DIRECTIONS FOR THIS TASK:
In the entries that follow, the lines from the line containing "Preservation Action Council of San Jose" up to and including the line containing "TN Restaurant with" must be copied exactly, with pictures omitted.

EXTRACTED DATA START

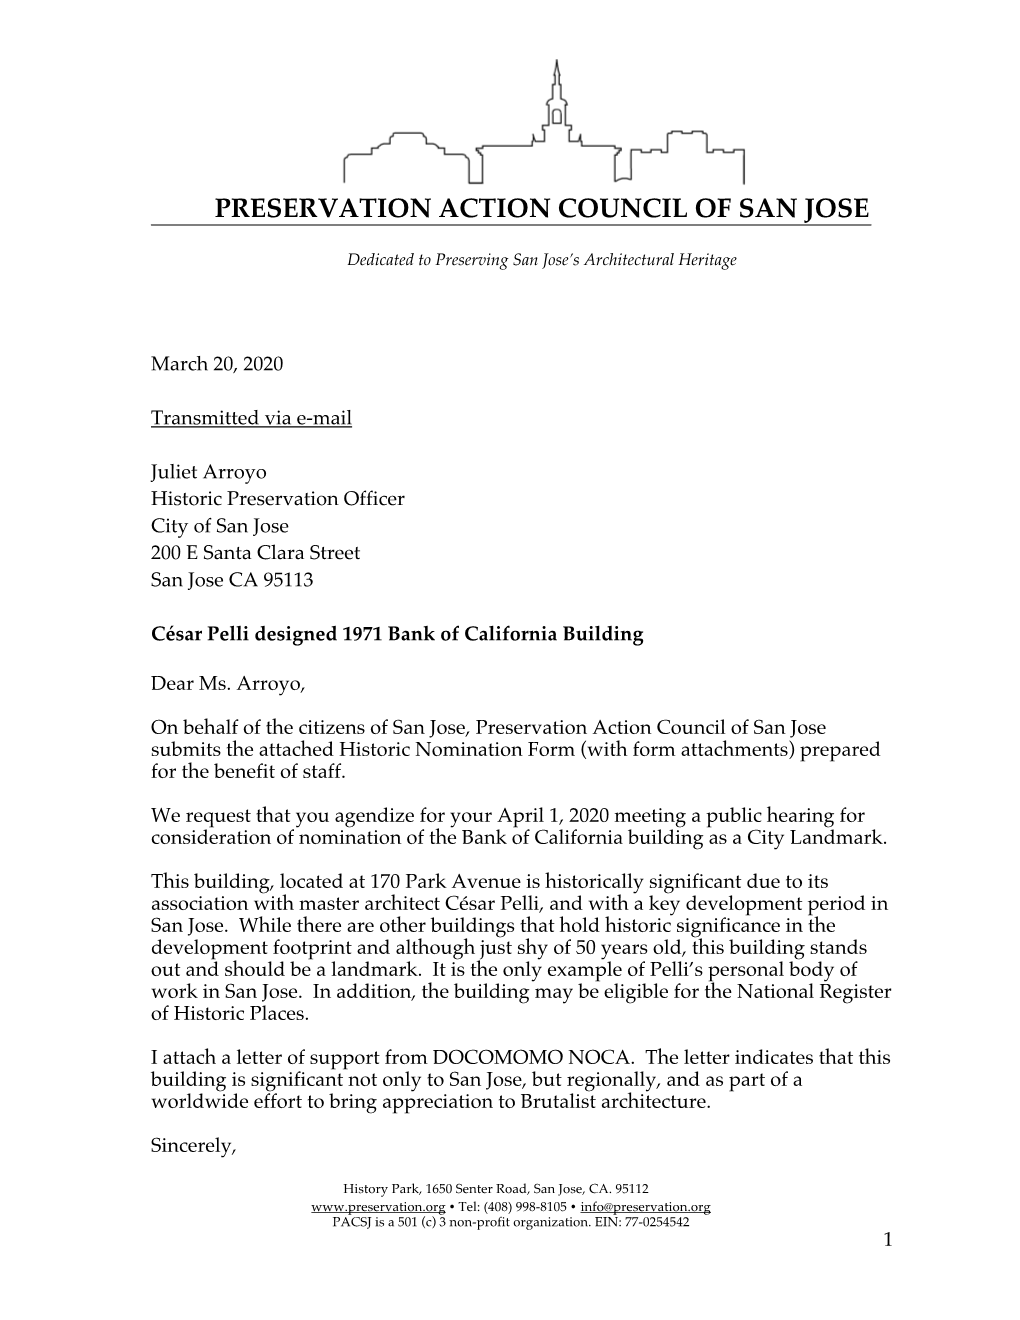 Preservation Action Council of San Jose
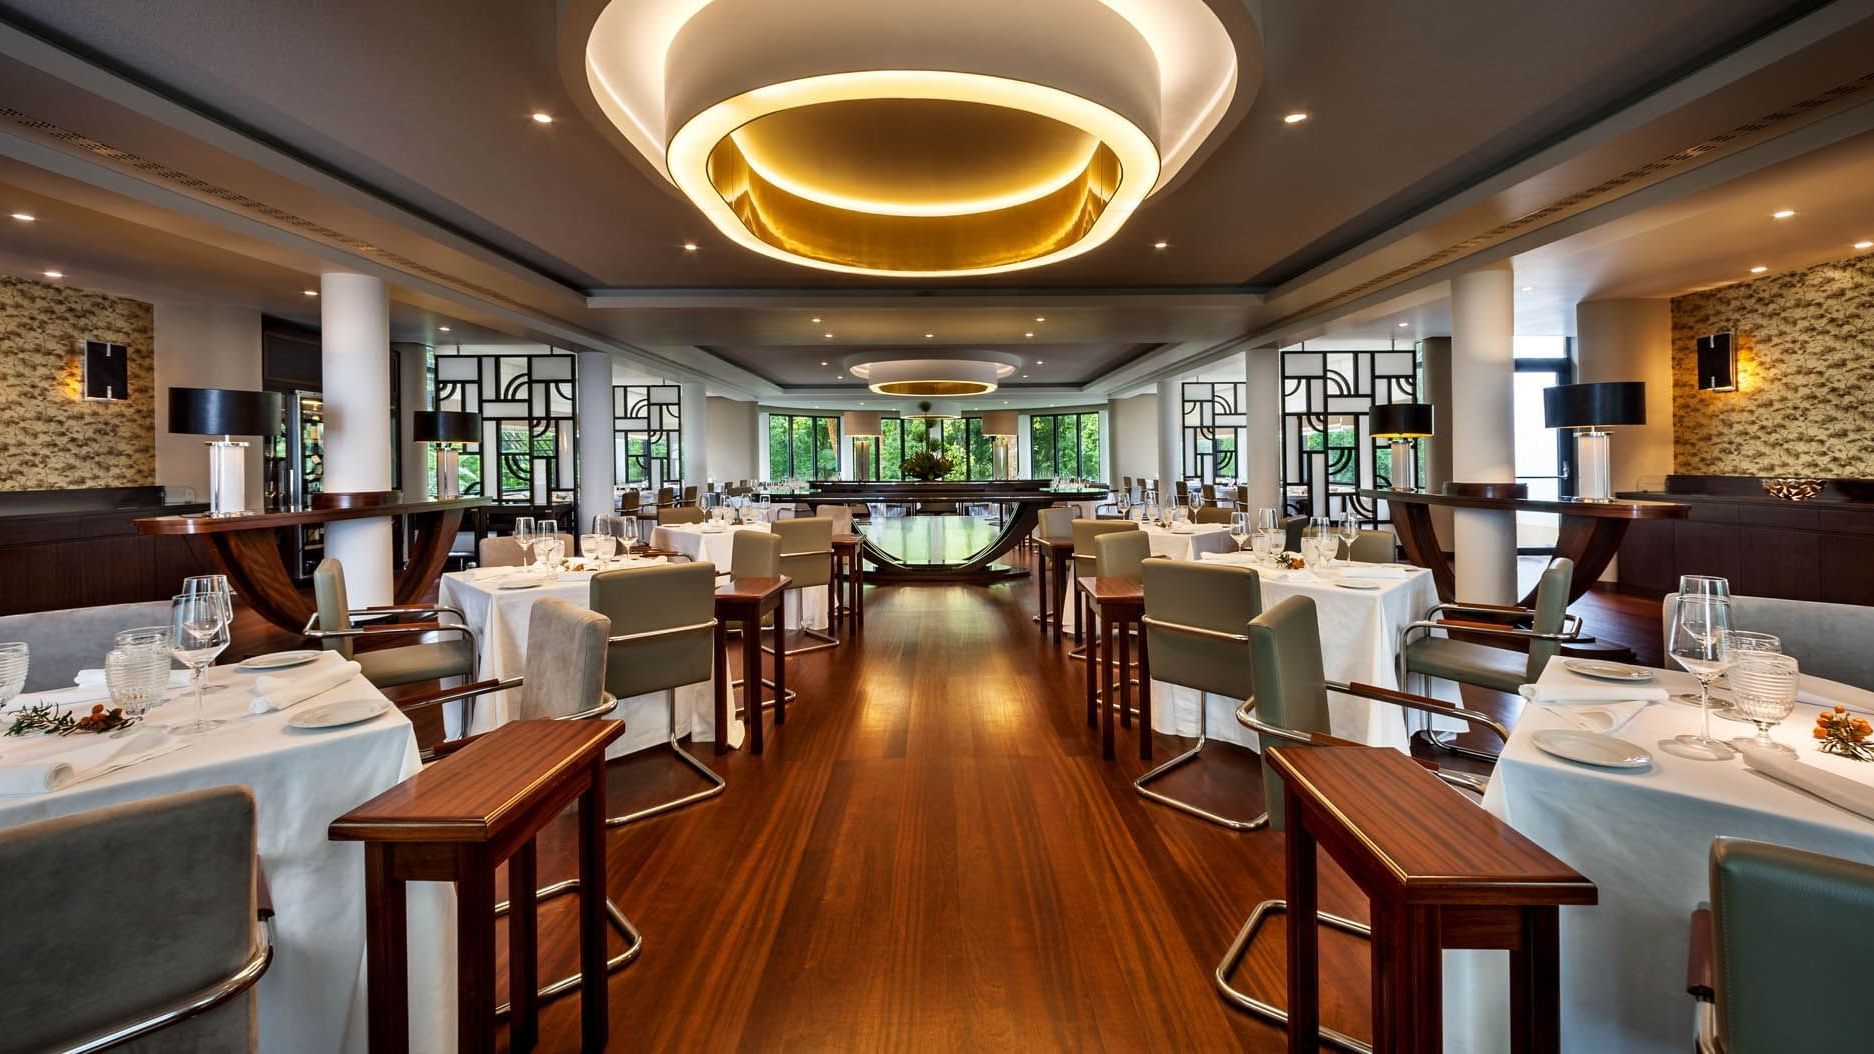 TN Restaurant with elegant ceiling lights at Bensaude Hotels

EXTRACTED DATA END
EXTRACTED DATA START

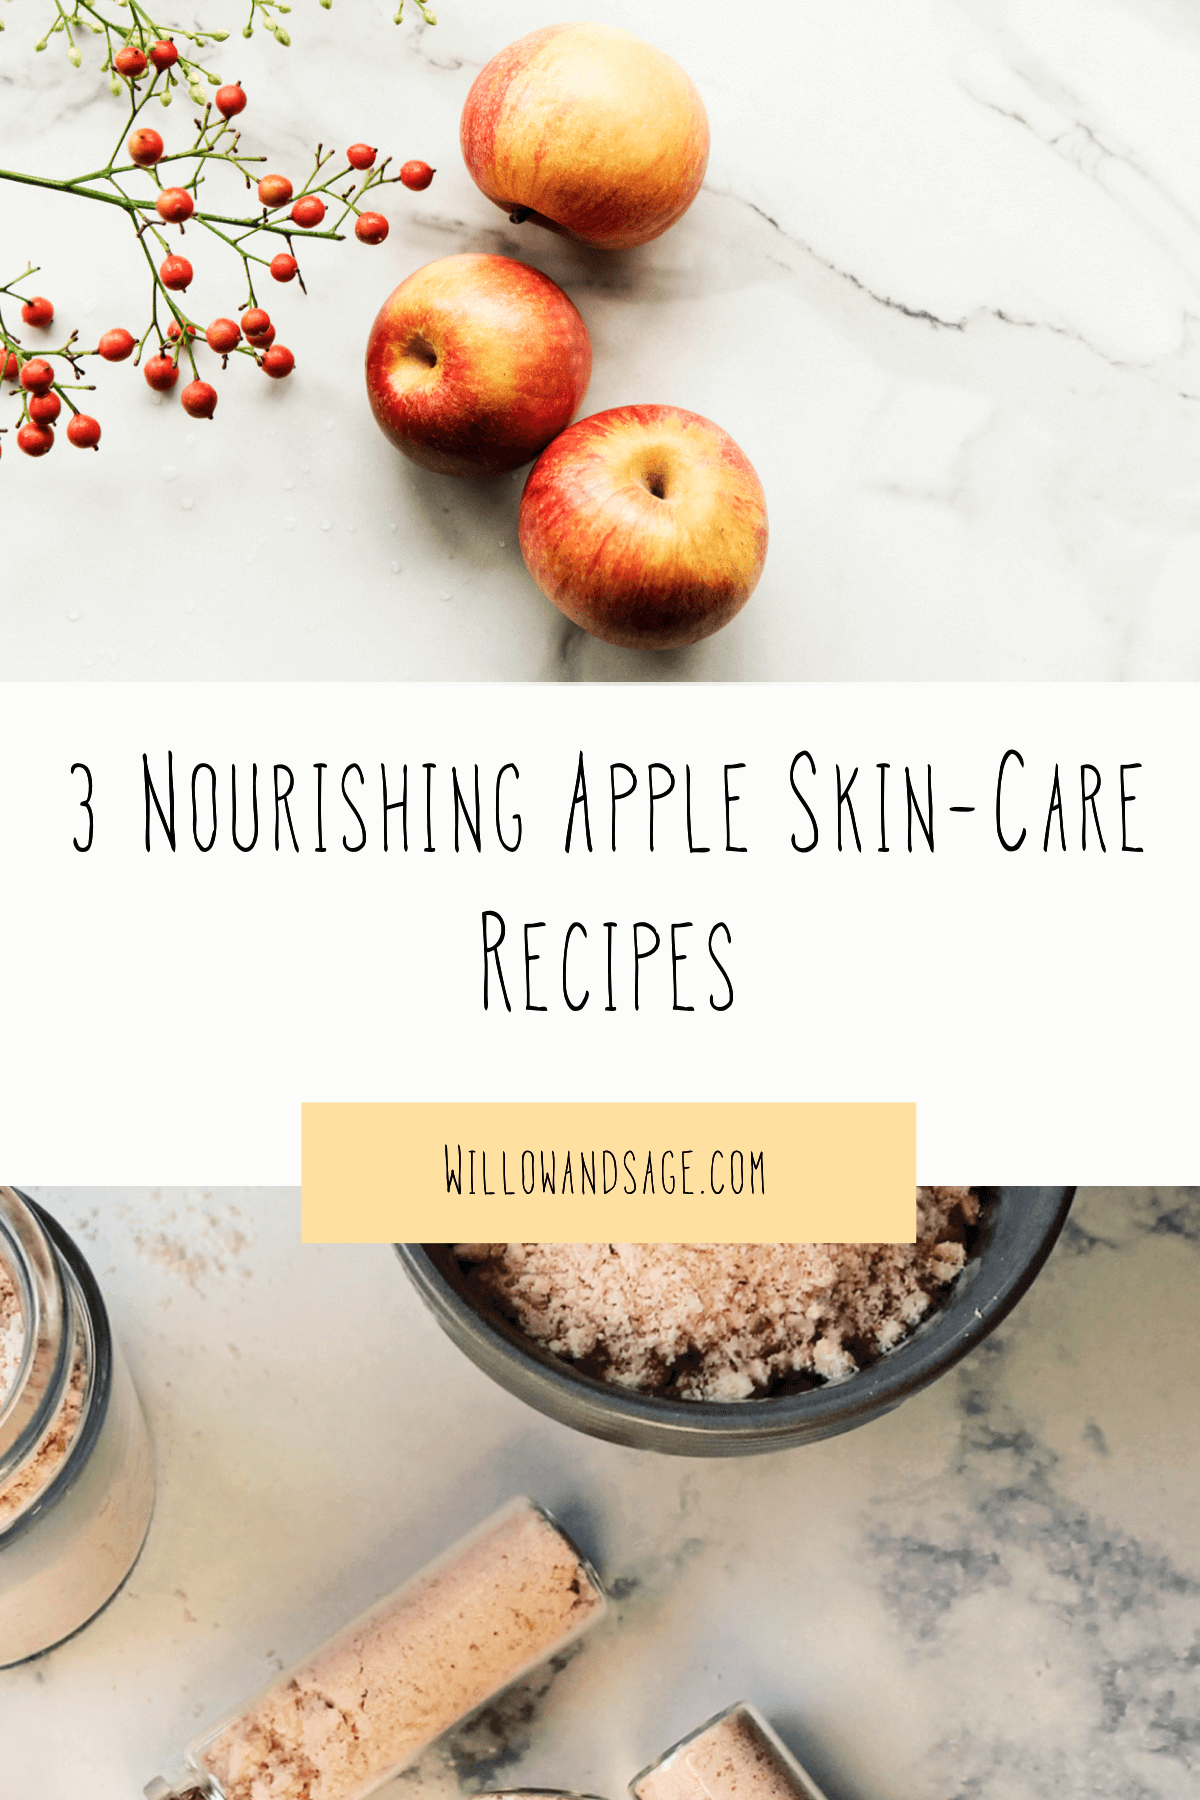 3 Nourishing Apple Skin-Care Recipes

EXTRACTED DATA END

TASK RESPONSE:
 Preservation Action Council of San Jose
 TN Restaurant with elegant ceiling lights at Bensaude Hotels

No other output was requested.